Summary: Latitude is an open-source AI engineering platform that prioritizes observability and evaluations by capturing production LLM traffic—including prompts, inputs/outputs, tool calls, latency, token usage, and costs—to build an eval-driven reliability loop. It supports gradual adoption: start with telemetry and prompt playground, then add datasets, evaluations, experiments, and optimization. The monorepo uses TypeScript, Drizzle ORM, BullMQ, Docker Compose, and PromptL chains, with clear patterns for services, repositories, migrations, and background jobs. This guide details contribution philosophy, build commands, database practices, ClickHouse migrations, prompt running architecture, and more for developers with college-level or higher education.
Latitude LLM: Architecture and Development Practices for Open-Source AI Engineering Platform
Are you building LLM-powered features but struggling to maintain observability, run reliable evaluations, and turn production failures into repeatable improvements? Latitude, an open-source AI engineering platform, offers a structured path forward. It begins with capturing real traffic data and evolves into a full reliability loop using evaluations to continuously refine prompts. This article, drawn directly from the project’s guidelines and README, explains the platform’s philosophy, technical architecture, and practical implementation patterns to help you contribute effectively or deploy it successfully.

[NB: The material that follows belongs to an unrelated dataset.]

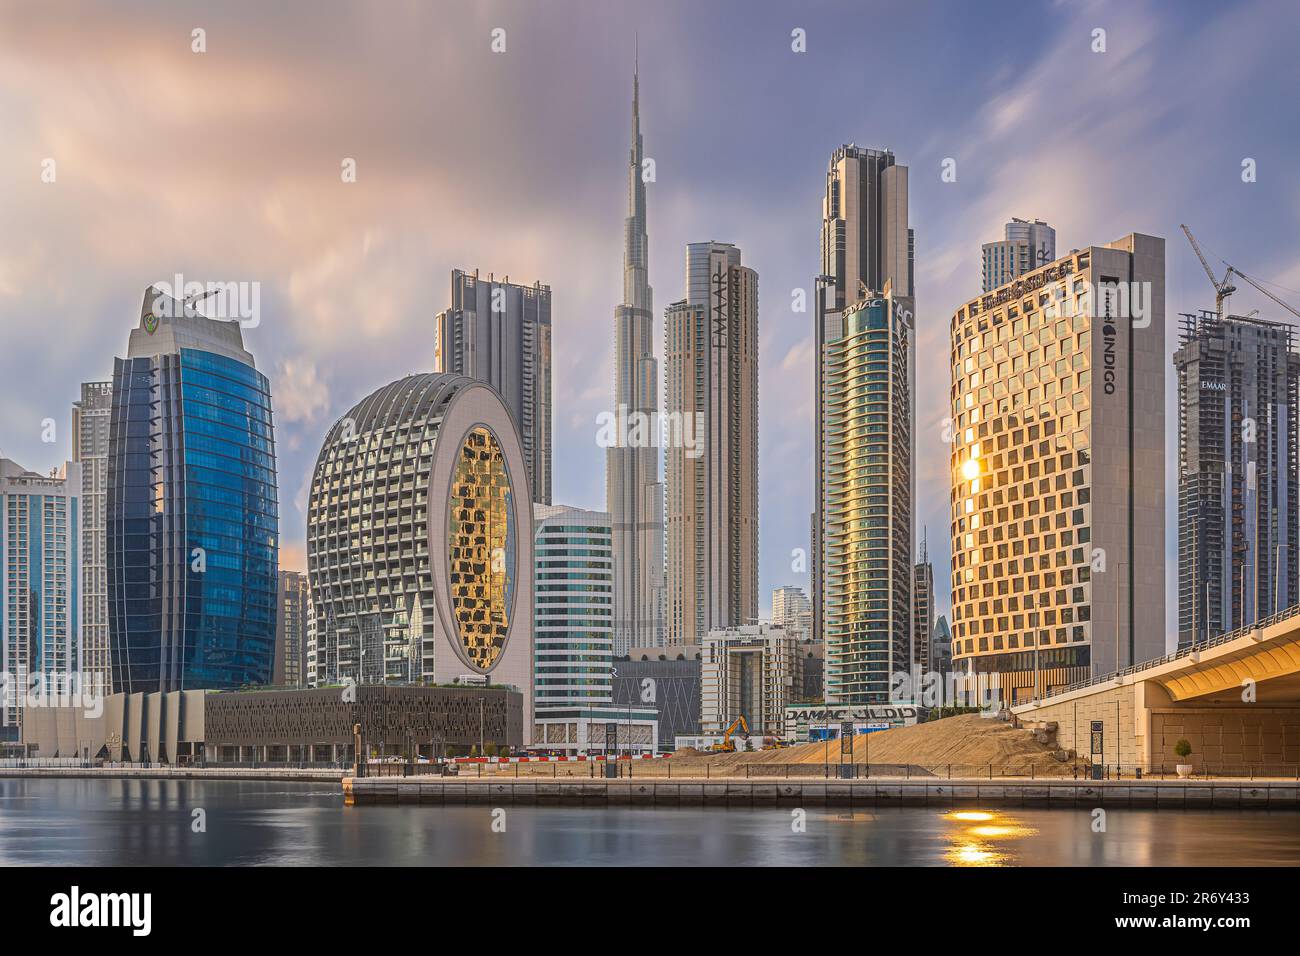 Sunset in Dubai. City center with commercial buildings and skyscrapers around Burj Khalifa. Skyline in the evening at sunset with a cloudy sky. Stock Photo

Why Latitude Stands Out as an Open-Source AI Engineering Platform
Latitude is designed for teams operating LLM applications in production. Unlike basic prompt tools, it emphasizes observability first—capturing prompts, inputs/outputs, tool calls, latency, token usage, and costs from live traffic—then builds an evaluation-driven reliability loop.
Key adoption stages include:
-
Observability Layer: Instrument existing LLM calls to record detailed execution data. -
Prompt Playground: Reproduce runs with real inputs, iterate on versions, and publish via the AI Gateway. -
Datasets: Curate production examples for batch testing and regression suites. -
Evaluations: Use built-in rules, LLM-as-judge, and human scoring. -
Experiments: Compare models, providers, and prompt versions with measurable metrics.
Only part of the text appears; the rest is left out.